On line 151, the scripts sets the seed to the random generator with a constant. Therefore the script will always use the same series of random numbers, and therefore generate the same test strings. This is intentional, as this permits you run a method separately, and still use the same test strings.
Line 154 is one that you may want to play with.
my @strsizes = (237, 2456, 7950, 23997, 120000);
This line controls which string sizes the script will use. The numbers 237, 2456, 7950, 23997 and 120000 are the ones called Small, Medium, Large, X-Large and XX-Large in the main article. Keep in mind that the test script stops adding to a string when the string has exceeded the length. Thus, an actual test string for size 7950 will be somewhere between 7951 and 7985 characters long. (The longest string in the test data is 31 characters, and there is some random spacing.)
Line 157 is also one you may want to change.
my $no_of_tests = 10;
This is simply how many times we will run each test. A tip is that only set this to 100, once you know that your methods work well. When testing the first time, you might even prefer a low value such as 2.
Uncomment lines 160-161 if you want all calls that the test script produces to be logged to the file sql.log.
#open T ">sql.log"; #$X->{logHandle} = \*T;
This happens on lines 168 to 216. Unless you want to revamp the test completely, just leave this code as-is. I'll explain it very briefly. The script constructs two strings $teststr and $testnumstr. The first is a list of strings, the second is a list of numbers. The strings and the numbers are taken from usrdictwords and each string and number maps to each other in the table. The script also compiles two arrays @testwords and @testnums which the script later uses to validate the result sets. On lines 198 to 216, the script selects which test string and which array to use for the test in the variable $testsp.

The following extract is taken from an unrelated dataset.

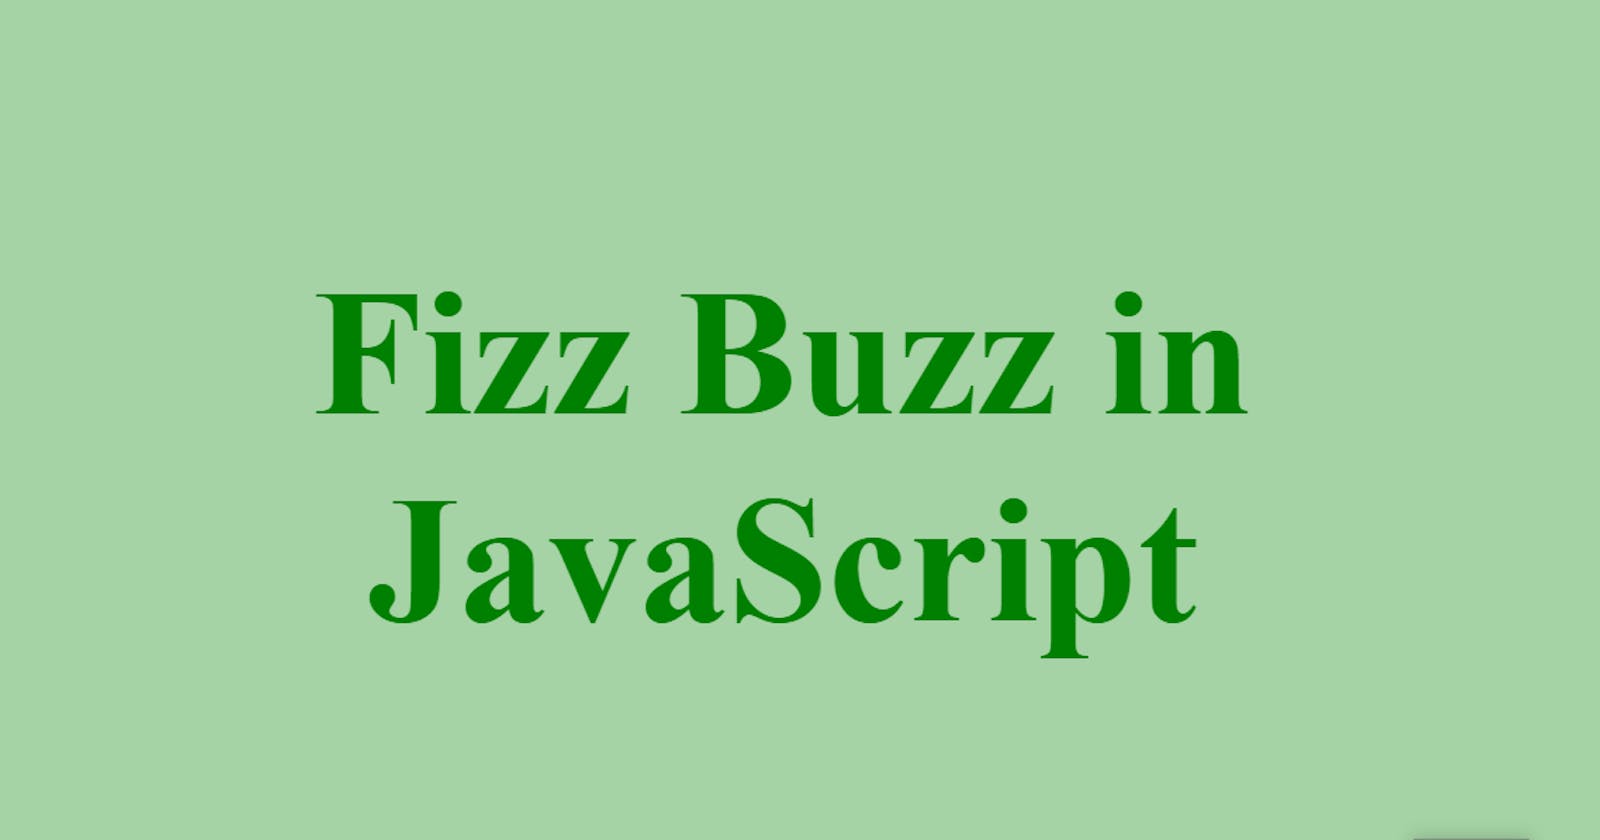 Fizz Buzz in JavaScript

If you think the random spacing is corny, look at lines 174 and 175.
Not all methods can handle the generated strings as-is, and on lines 219 to 278 there are various adaptations for the methods. Here is a short summary:
Lines | Methods | What |
---|---|---|
ITER, ITER$PROC | Replace commas with space for the list of numbers. | |
TBLNUL$IL, INSERT, REALSLOW, SLOW$LIKE | Remove blanks between separators. | |
EXEC$A/B, UNION, INSERT | For a list of strings, enclose strings in quotes. | |
XMLATTR | Change strings into attribute-centred XML. | |
XMLELEM | Change strings into element-centred XML. | |
TBLNUM$IL | Skip, if string size > 7950. | |
UNION, INSERT, REALSLOW, SLOW$LIKE | Skip, if string size > 3000. | |
REALSLOW | Skip, if test run 3 or later. | |
FIX$SINGLE, FIX$MULTI, FIX$ITER | Construct a string with fixed-length elements. |
If you have a method that you want to test and that needs adaptations, you should be able to figure out how to change the code, if you use any of the adaptations above, or some simple variations of them. If you need some completely different sort of adaptations, you need some Perl knowledge.
This happens on lines 281-309. First the script determines how to invoke the stored procedure, through RPC or command-line batch. This is determined by the variables $test_rpc and test_cmdtext, which are initiliazed on lines 21 and 22 in the script. The script is shipped to test RPC only. If you test both, even runs will be with command text, and even ones will be with RPC.
The actual invocation is then either on line 296 or lines 299-306. On line 308 there is a call to verify_return (lines 337-362) which verifies that the test routine returned the expected data. The script does not stop if the verification fails, but it does print the number of differences and the first three differences. It also prints output if the test procedure returns an unexpected number of items.
The value of the verification should not be underestimated. The performance numbers are not relevant if your method does not produce the correct result.
On lines 316-324 there is a query that retrieves data from timings. The loop on lines 328-334 together with the report definition on lines 336-384 prints the output. Notice that the the report does not include the column calltype, so if you are testing both call types, you cannot tell which is which in the output. But you could copy the query from the script and run it in Query Analyzer.